The killer ultimately turns out to be [spoiler alert!] Peter Cable (Charles Cioffi), a 1-percenter who discovered he liked beating up women to within an inch of their lives when he started purchasing the services of prostitutes and realized just having paid-for sex wasn’t sufficiently turning him on. Cable’s matter-of-fact explanation as to why he’s doing what he’s doing and why he believes he has a perfect right to exploit people and kill them if they threaten to expose his secret is very much of the time and the radical-Left sympathies of many of the creative people involved in this film, Fonda and (to a lesser extent) Sutherland in particular. It also plays quite differently in the Donald Trump era than it did in 1971; then we just hated him but now we’re afraid that people like him will end up running the country (again). Klute is a good film but also a rather ponderous one; we get way too much explanation of what’s going on. What earned Jane Fonda her Academy Award was the sheer authority with which she plays Bree Daniel, staking out territory far different from the (stereo)typical portrayals of prostitutes then and now; though Bree is trying to break into modeling and acting (we see her rehearse a little-theatre production and we get to meet her as part of a cattle-call audition for a modeling job which she, naturally, doesn’t get), she’s proud of her skills as a sex worker and in particular her ability to make her johns believe that she’s having the time of her life with them when she isn’t. Indeed, there’s a throwaway line in the film in which she tells Klute early on in their sexual relationship that with him she’s experienced orgasm for the first time in her life. At the same time Jane Fonda was coming off a film, Barbarella, a science-fiction movie that cast her as an out-and-out nymphomaniac, so it’s not like audiences weren’t used to seeing her as a wanton woman pushing the envelope of conventional sexual morality.

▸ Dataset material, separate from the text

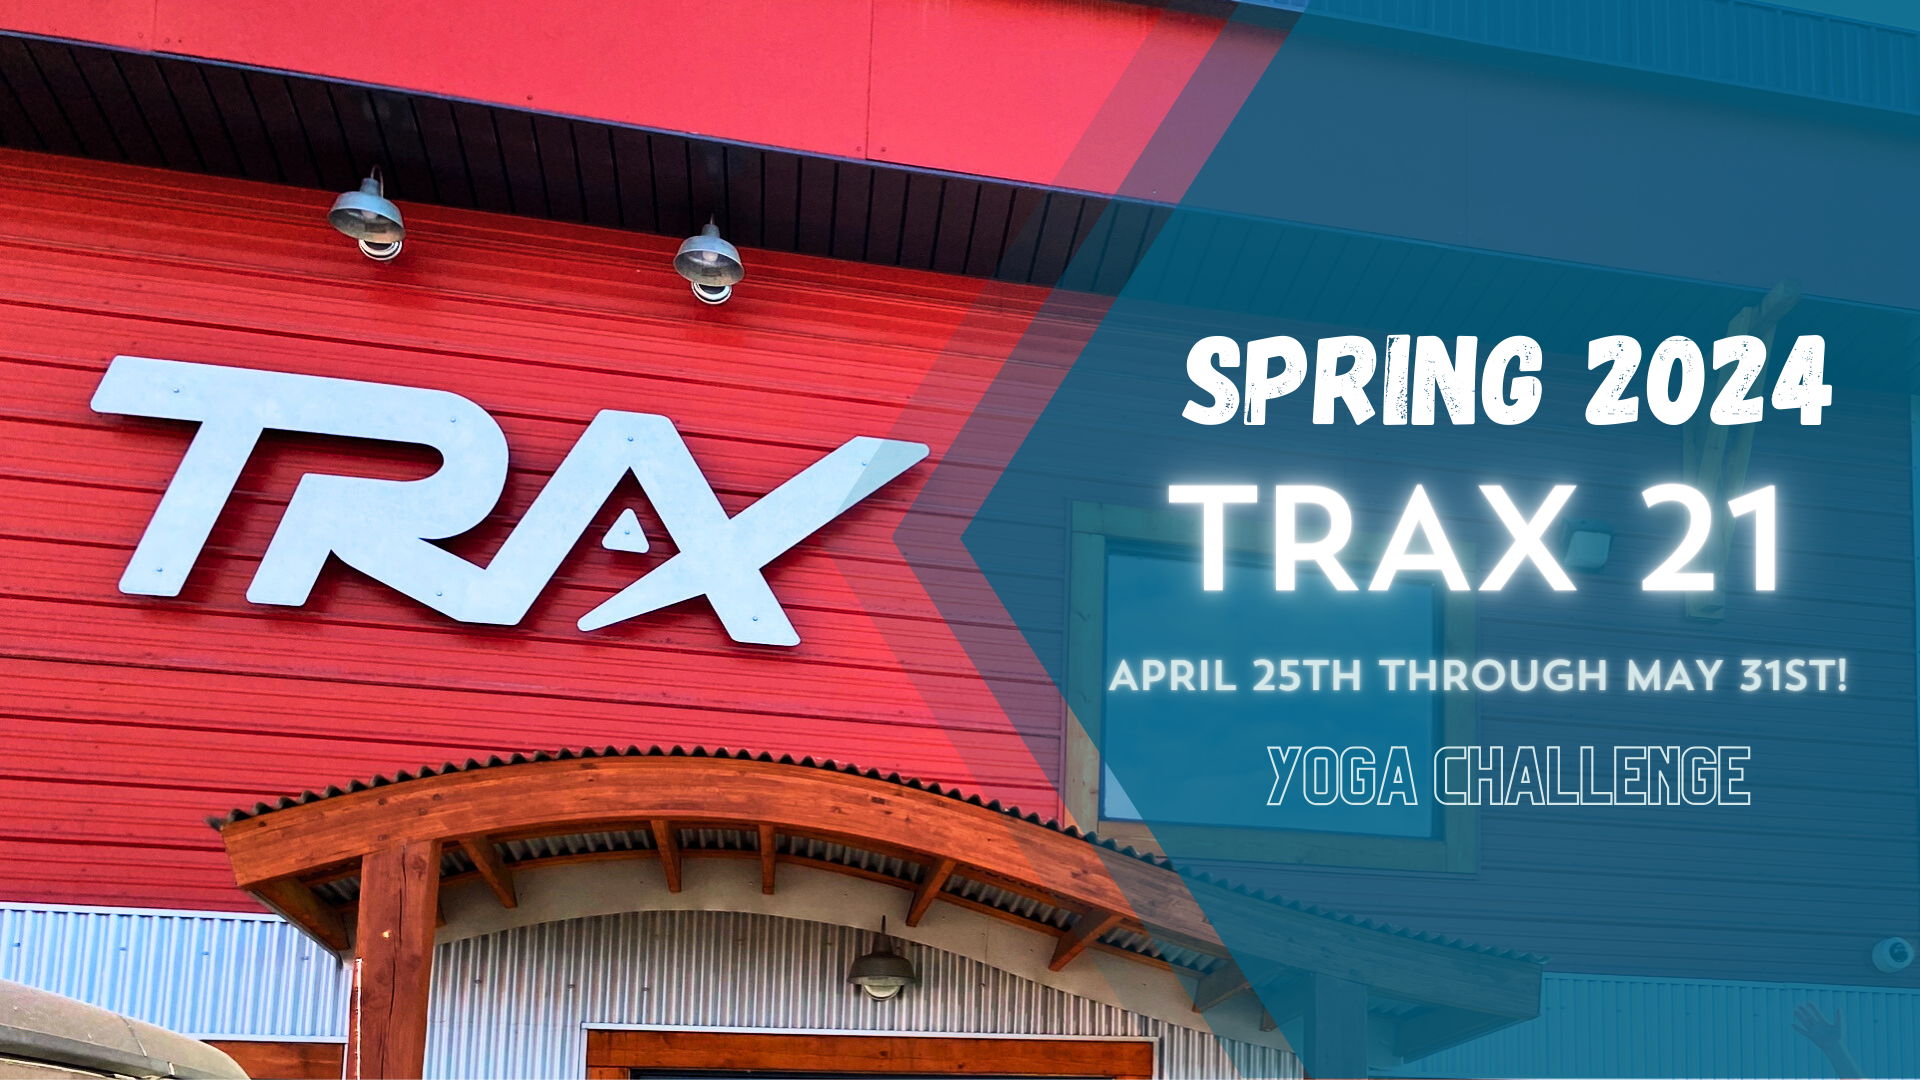 TRAX 21 Spring Challenge @ Trax Outdoor Center
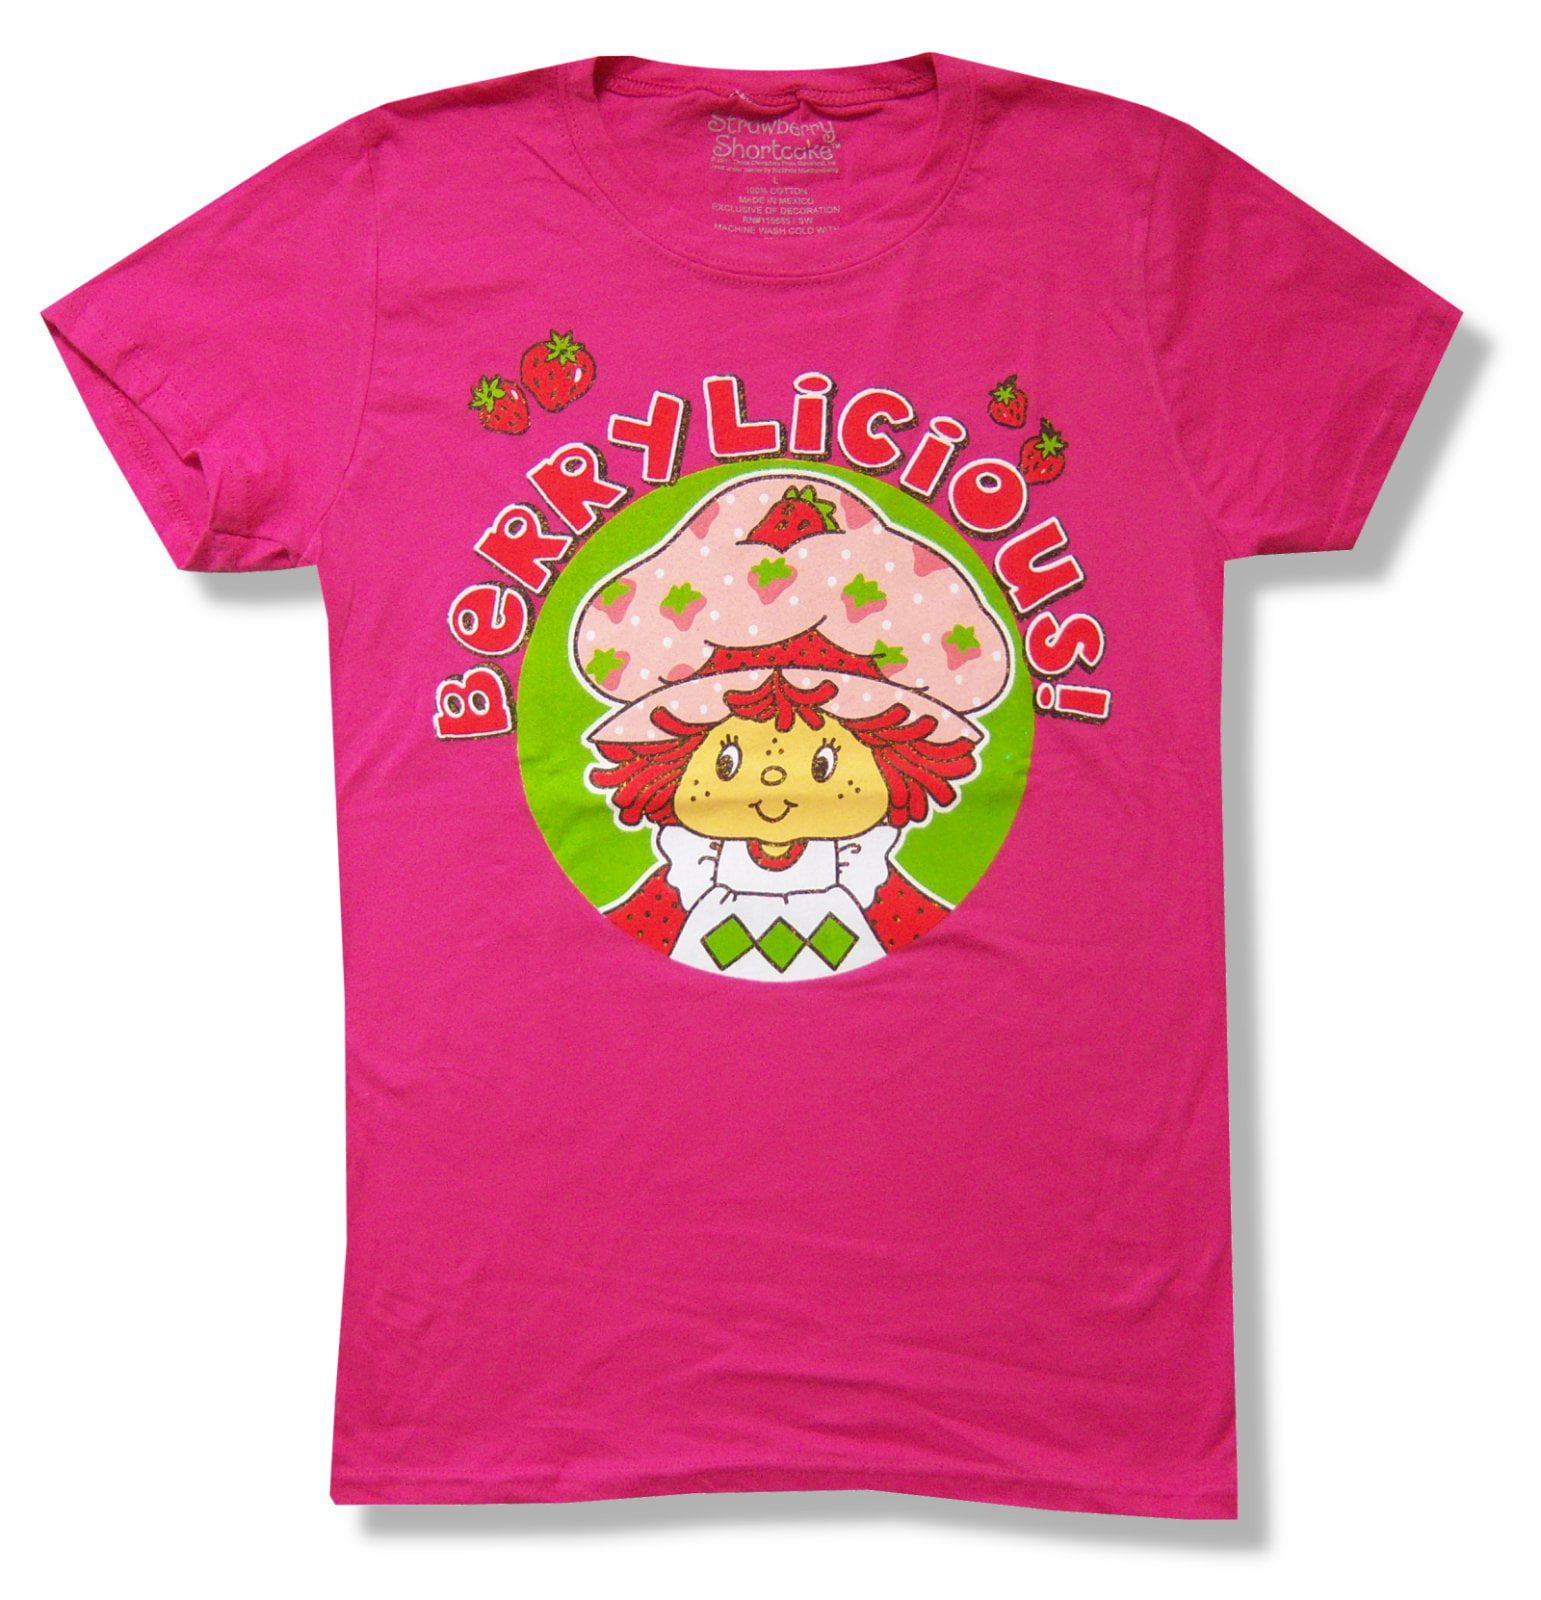 Strawberry Shortcake Pink Short Sleeve Toddler Girls T-shirt  Size 2T  Clearance

The TCM showing of Klute was introduced by a man who’s been writing about Academy Award winners and how they felt on the Big Night, and in Jane Fonda’s case she felt embarrassed that she was winning a competitive Oscar while her father, Henry Fonda, never had. (Jane would win her second Best Actress Academy Award in 1978 for the anti-war film Coming Home; Henry wouldn’t win until his next-to-last film, On Golden Pond, in 1982, in which he and Jane played the father and daughter they in fact were.) When Jane Fonda was shooting Klute she already had to deal with a lot of hatred from the crew members; though she hadn’t taken the infamous trip to Hanoi in which she rode atop a turret with North Viet Namese gunners shooting at American bombers (that would happen in 1972 and would earn her the nickname “Hanoi Jane” and the enduring hatred of the American Right), her activities with the anti-war movement and the F.T.A. tour (the initials variously meant “Free the Army” and “Fuck the Army,” depending on how transgressive the people running it wanted to be at any given moment) had aroused the ire of many real-life crew members who supported the war and aligned themselves with the hard-hat-wearing counter-demonstraters who were beating up anti-war protesters on the streets of New York and other major cities. When Jane Fonda was nominated for Klute, she wisely sought counsel from her father as to what she would say if she won; he told her not to say anything political, so she didn’t – though she kinda-sorta hinted at it at the end.